◆ **Work to complete**
Exact copies are required of the lines from the line containing "Maryland is set" through the final line of the listing, both included, and of no other lines.

◆ **Material provided**

= Beginning of Section =

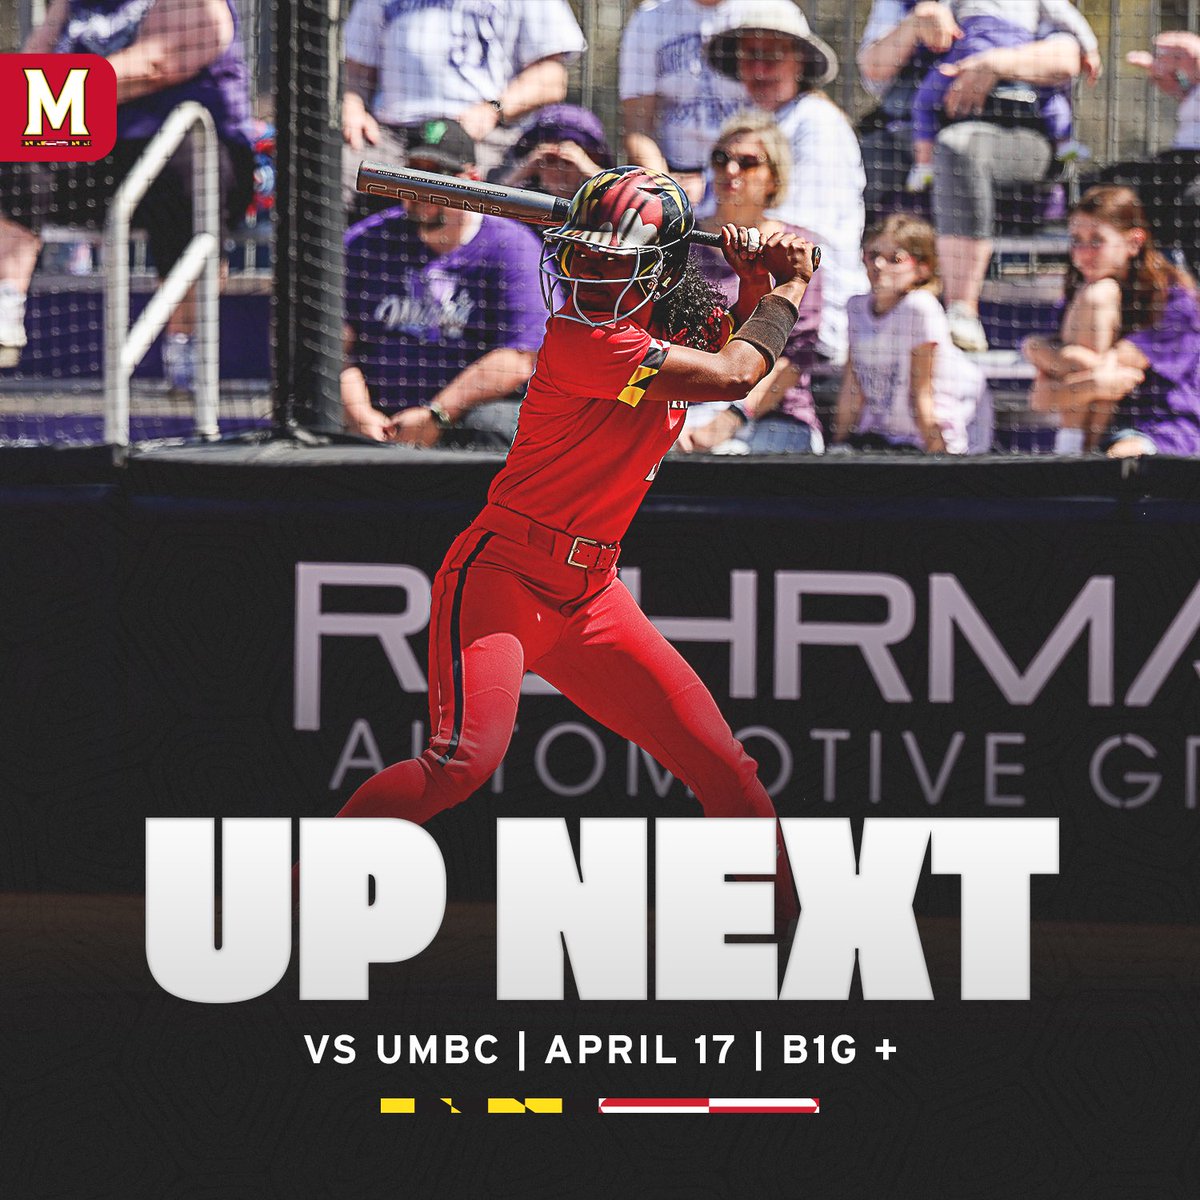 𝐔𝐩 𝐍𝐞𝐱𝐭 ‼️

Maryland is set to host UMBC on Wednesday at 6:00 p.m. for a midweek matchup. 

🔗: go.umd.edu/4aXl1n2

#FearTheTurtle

= End of Section =

◆ **Problem solution**
Maryland is set to host UMBC on Wednesday at 6:00 p.m. for a midweek matchup. 

🔗: go.umd.edu/4aXl1n2

#FearTheTurtle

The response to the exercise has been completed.